Борислав остановился, весь напружиненный, как для последнего броска. Нильс пригнулся к земле, как всегда это делал перед боем. Луиза сжала кулаки и усмирила прерывистое дыхание. Они втроем уже не обращали внимания на наемников, окруживших сцену на дне ущелья. Живая стена зрителей ограждала их от внешнего мира.
– Банда Фиеры первой нанесла удар, – заговорил Борислав. – Без предупреждения, без переговоров.
– Знаю. И это их главная ошибка. Но сейчас это уже не имеет значения. Вендель убит. Все, кто штурмовал Белую усадьбу, – убиты. Кровью уже уплачено за кровь. Можешь сейчас взять мою жизнь, если это умалит твою скорбь, но она так и не исчезнет полностью.
Она была в центре, прямая и тонкая, нетвердо стоящая на ногах. Ветер грозился опрокинуть ее, и девушка уже не поднялась бы. Луиза знала: одно неверное слово, и самообладание ее покинет.

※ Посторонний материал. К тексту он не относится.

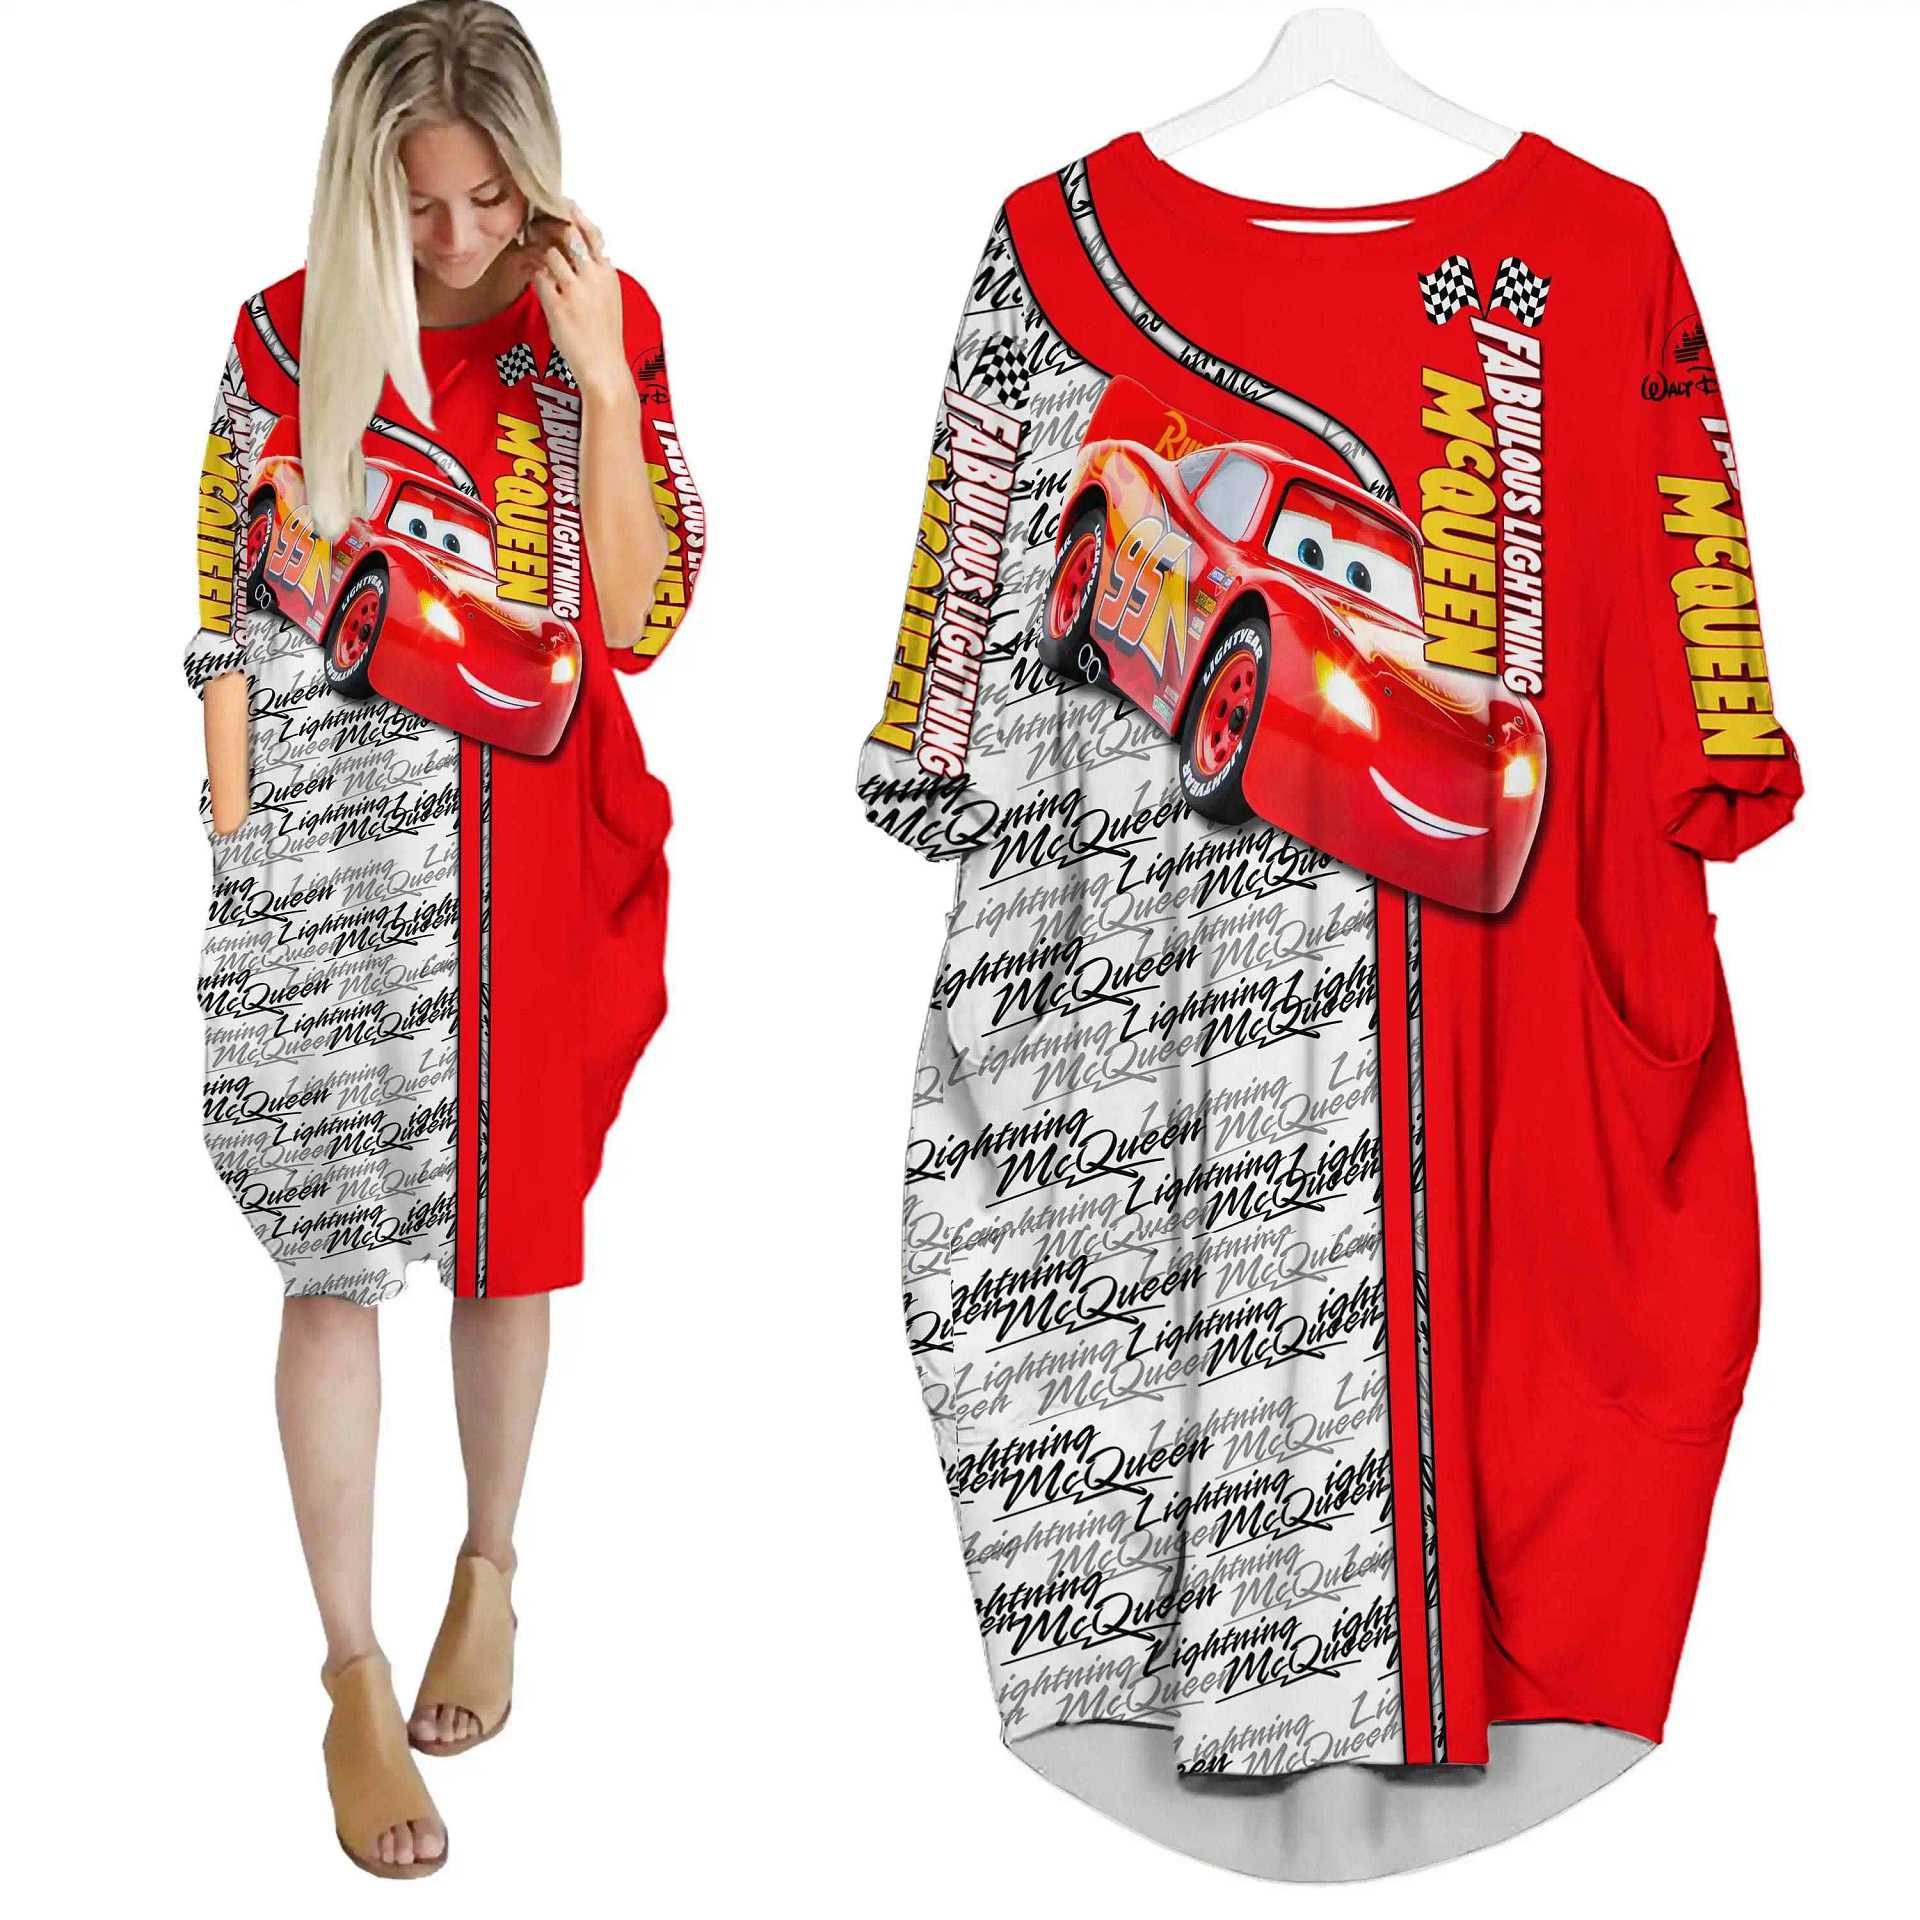 Fabulous Lightning Mcqueen Red Disney Cartoon Summer Vacation Outfit Women Girl Batwing Pocket Dress

И тогда она упадет на колени, будет кататься по мерзлой земле, рыдать и рвать ногтями лицо, как это делала Пилар у виселицы в Фиере. И умолять прикончить ее немедленно, ведь как можно жить с изрешеченным, истерзанным потерями и разочарованиями сердцем? Как не броситься с головой в пучину ненависти, где кровь обернется жидким оловом, а душа – пепелищем? Она чувствовала, как обрастает броней, на глазах отращивает ядовитые шипы, но метаморфозы эти разрывали ее на части. Останется ли хоть что-то человеческое под панцирем?